- This is a test to check status of hdfs in a hadoop cluster
- Existing checks did not give me what I needed, so I hacked this little script together. It is not pretty, but works for me. YMMV
- The test uses the Hadoop hdfs admin web page, normally found at; http://hdfs-namenode:50070/dfshealth.jsp I am just parsing output from this webpage using regexps
- New version, does not require links, Download Here check_hadoop0.4
- Rename to .pl and make executable
- Requires the nagios perl modules, utils.pm and a few standard perl-modules
- Tested with hadoop 0.20.2
- Gives performancedata for unreplicated blocks, data in hdfs, nodes OK/Dead and number of files/directories/blocks in the hdfs.
check_hadoop_hdfs v. 0.4
Copyright (c) 2011 Jon Ottar Runde, jru@rundeconsult.no
See http://www.rundeconsult.no/?p=38 for updated versions and documentation
Usage: -w <warn> -c <crit> -x <Unreplicated blocks warn> -u <Unreplicated blocks crit> -H <Hostname> -p <Port> [-v version] [-h help]Checks several Hadoop hdfs-parameters
-H (–Host)
-p (–Port)
-w (–warning) = warning for DFS Usage
-c (–critical) = critical limit for DFS Usage (w < c )

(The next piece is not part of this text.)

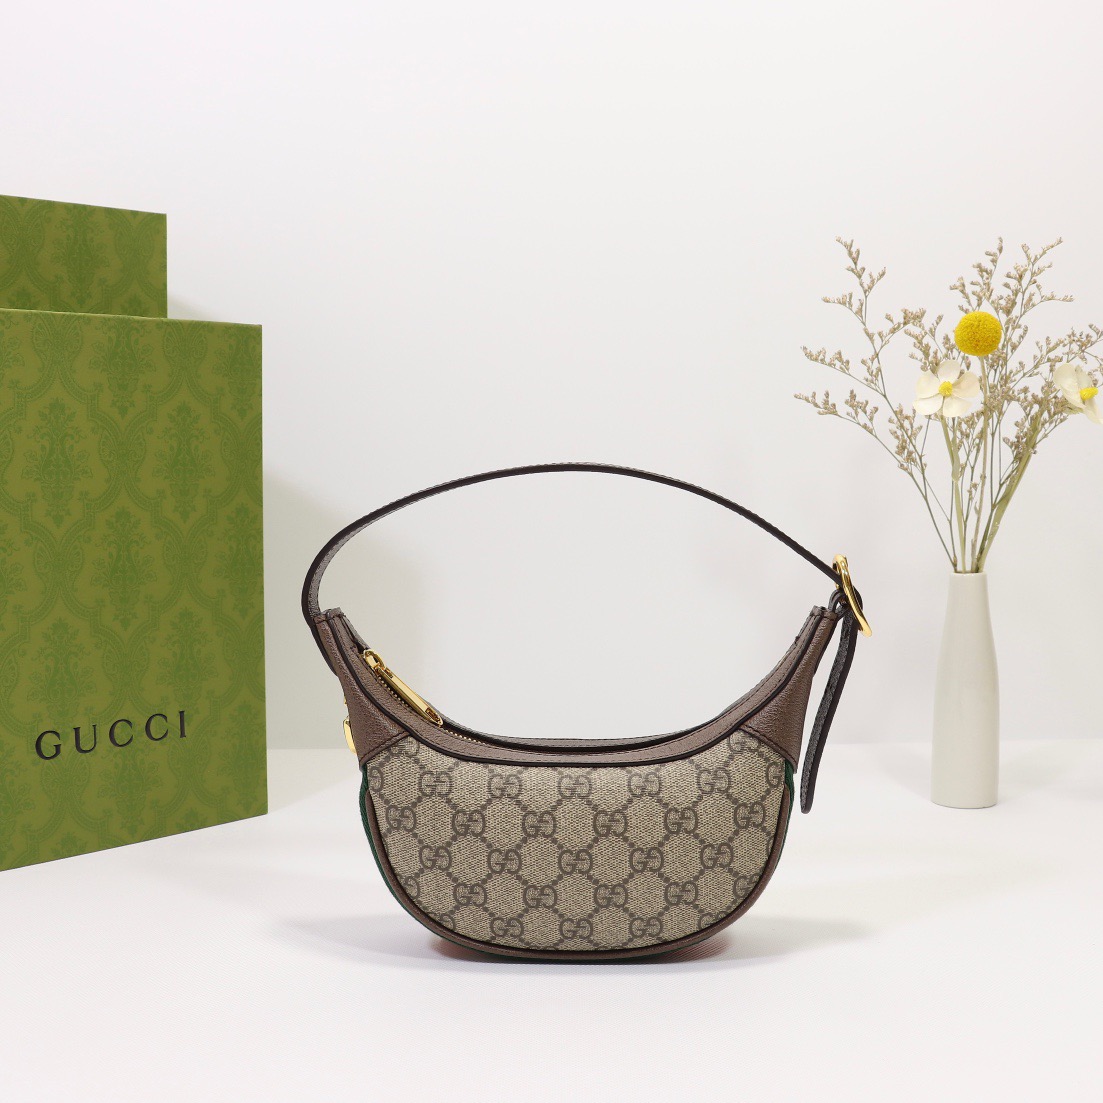 GUCCl womens handbag 658551 20x15x5cm

-x (–unreplicatedwarn) = Warning limit for Unreplicated blocks
-u (–unreplicatedcritical) = Error limit for Unreplicated blocks
-h (–help)
-v (–version)
Example Nagios-config
define service{
use generic_service
service_description Hadoop_Extended Check
check_command check_hadoop_extended
hosts namenode.company.com
}
define command{
command_name check_hadoop_extended
command_line $USER1$/check_hadoop.pl -H namenode.company.com -p 50070 -w 5 -c 10 -x 100 -u 1000
}